What Role for EU Institutions in Confronting Europe's Democracy and Rule of Law Crisis?
The signs of the democracy and rule of law crisis in the European Union are undeniable. At the same time, autocratizing member states, like Hungary or Poland, block important EU policy initiatives, and their governing parties, which are key members of the European People’s Party and the European Conservatives and Reformists, have significant impact on European party politics.
However, the democracy and rule of law crisis did not appear suddenly and unexpectedly; it developed gradually since 2010 and was exacerbated by the ineffective responses of the European institutions. This paper argues that not the deficiencies of its legal framework hampered the EU in addressing the developing crisis appropriately, but rather the political settings, the institutional traditions, and the role concepts of the main European institutions, especially the European Commission.
The Commission’s lack of a constitutional mind-set, and its selective and superficial approach, resulted in only symbolic or procedural compliance with European values in Hungary’s case. It overlooked the substantial violation of democracy and rule of law standards in the country. Furthermore, inter-institutional struggles, the ongoing conflict between the Commission and the Council over the monopoly of the legal interpretation of European values, and party-political bias aggravated the challenge and resulted in political deadlock.
The Commission and the Parliament need to engage in constructive cooperation, instead of leaving important initiatives of the latter unconsidered.
Against this background, to overcome the current situation in which institutional traditions and political settings prevent exploiting the potential in the framework of EU law for the protection of democracy and rule of law, the main EU institutions—especially the Commission—have to reconsider significantly their approaches. The Commission and the Parliament need to engage in constructive cooperation, instead of leaving important initiatives of the latter unconsidered.
The Commission has to differentiate between Article 2 “constitutional” issues and matters of “ordinary” EU law, and develop an enhanced constitutional mindset that insists on substantial output compliance with EU values by member states, and, if required, systematically enforces it. Furthermore, it should create via infringement procedures legal inputs for the Court of Justice of the European Union that allow the court to unfold a progressive interpretation of the treaties and the development of EU law.
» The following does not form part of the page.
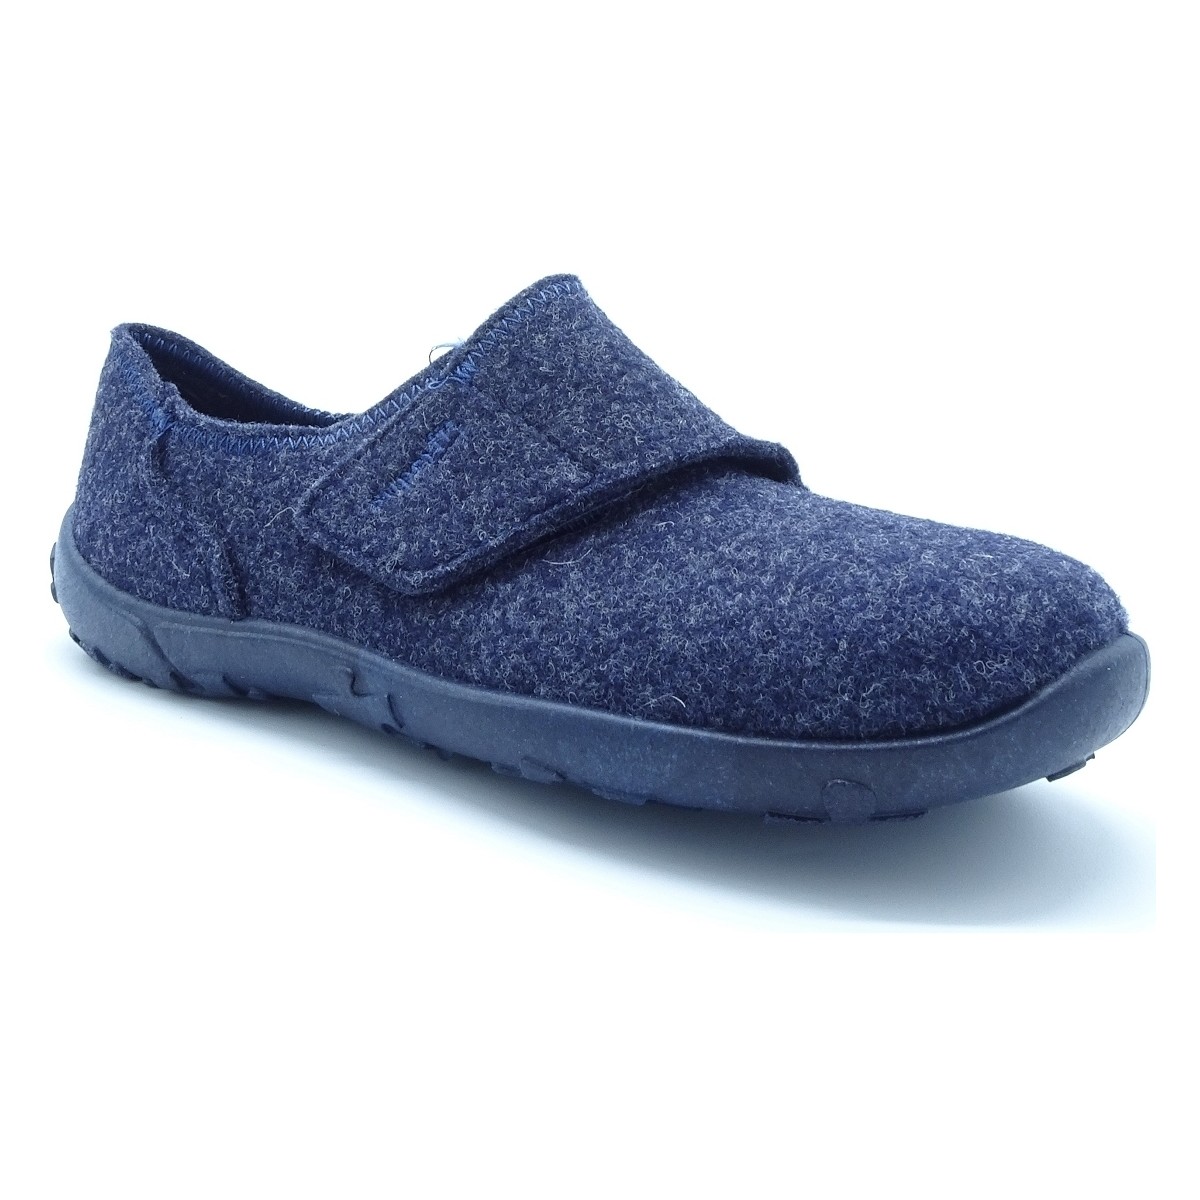 Chaussures Chaussons Superfit 6542 Bleu
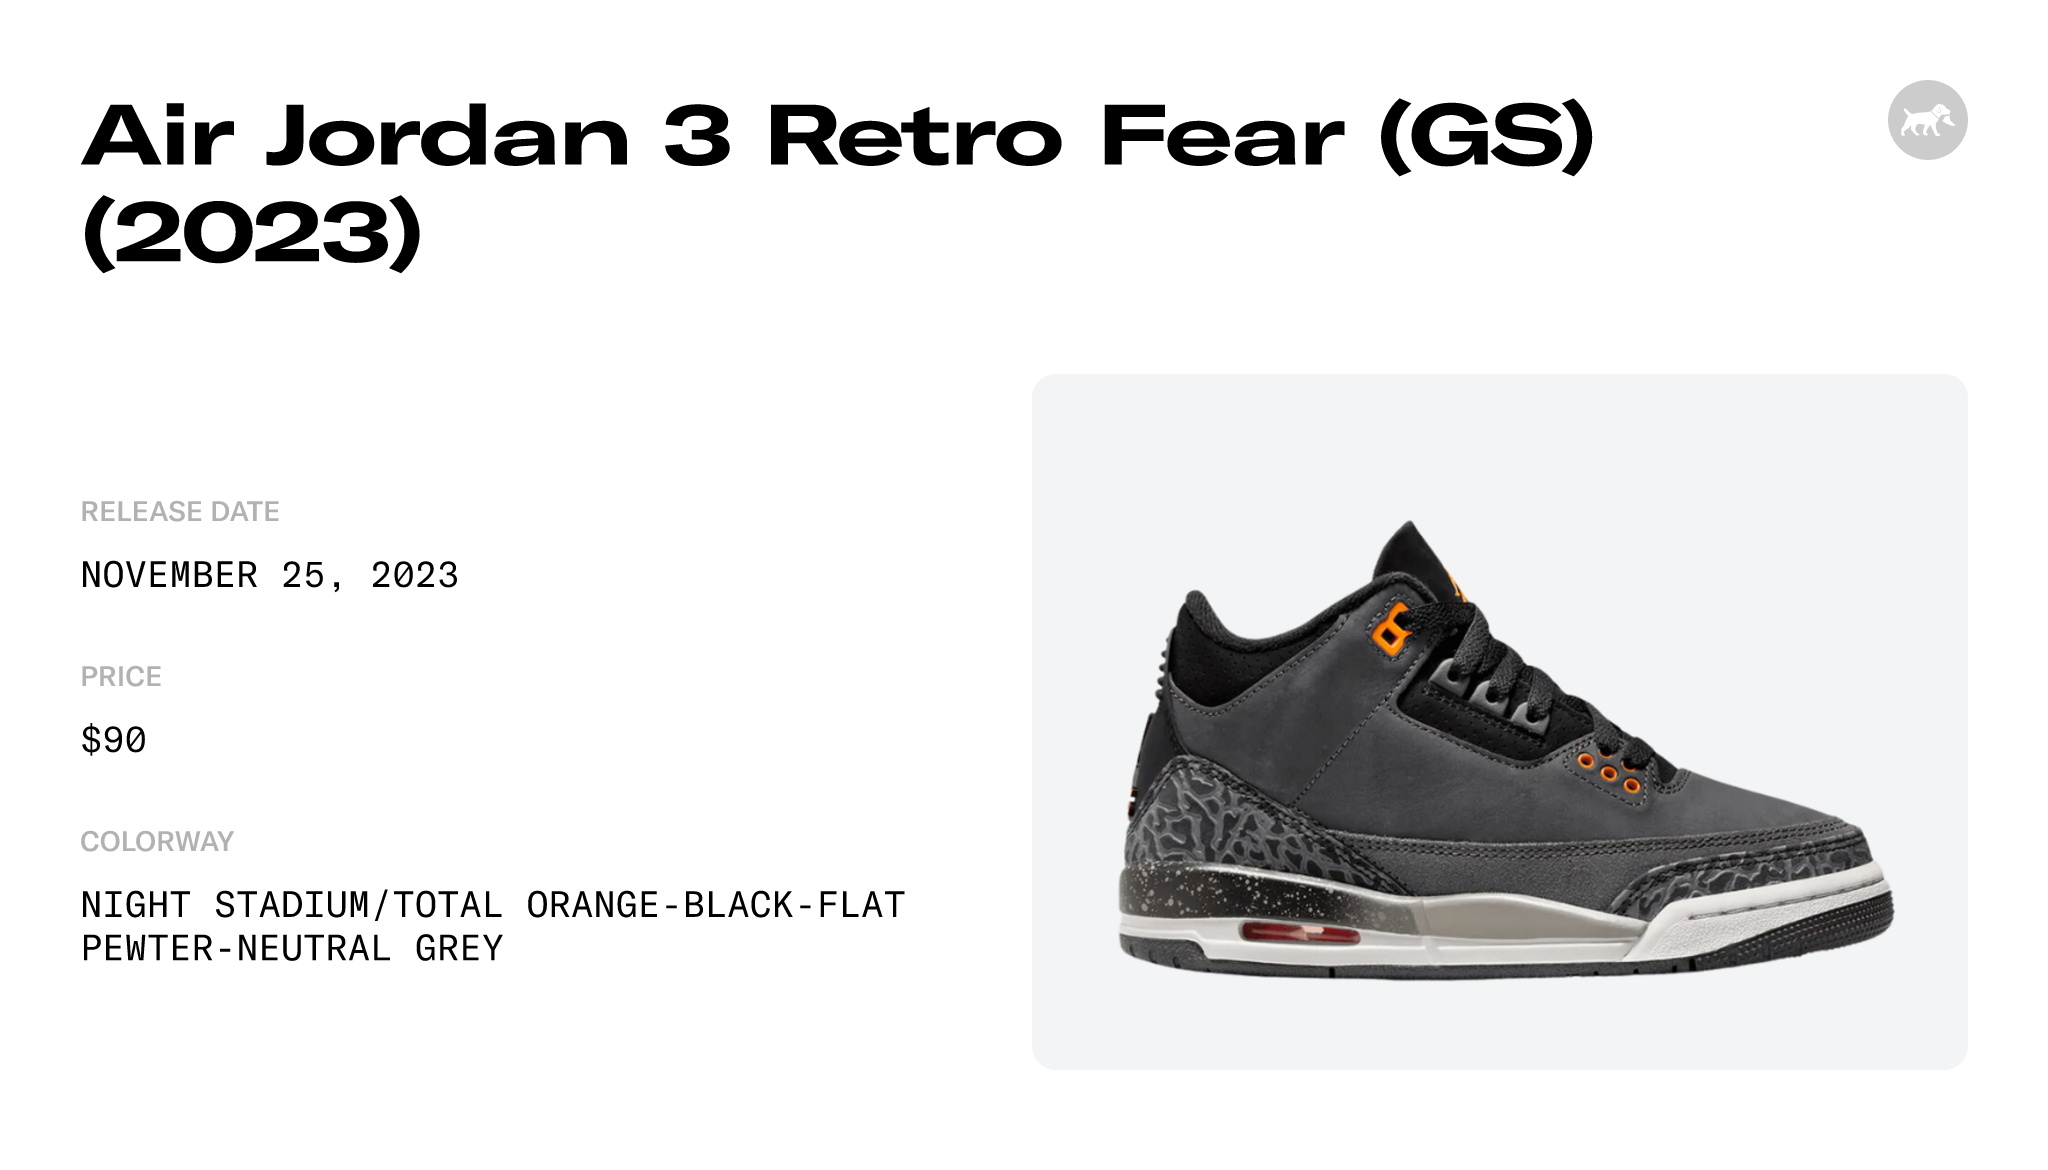 Air Jordan 3 Retro Fear (GS) (2023) - DM0967-080 Raffles and

A return to Article 2 compliance by rogue member states is very unlikely without putting pressure on autocratizing national elites and altering their political cost—benefit calculations. The proposal to impose rule—of—law conditionality on EU funds is the only current initiative that creates political issue linkage and offers solid political leverage over rogue member states. Most criticism toward its allegedly discriminatory character can easily be dispelled and the proposal is well-tailored to the political realities of the European rule of law crisis. This initiative must remain in the political forefront and put through the current negotiations over the multiannual financial framework without any weakening.
The complementary character of rule-of-law conditionality and proposals for an objective and comprehensive monitoring mechanism for Article 2 values should be better recognized. Creating such a mechanism could not only render obsolete the main objections against rule-of-law conditionality, i.e. the lack of benchmarks on which to base it, it could also ease the Commission’s burden, as it is currently responsible for monitoring and the enforcement of value compliance. Last but not least, the parallel introduction of rule-of-law conditionality and a comprehensive Article 2 monitoring mechanism would represent a genuine compromise among the diverging interests of various EU institutions and member states.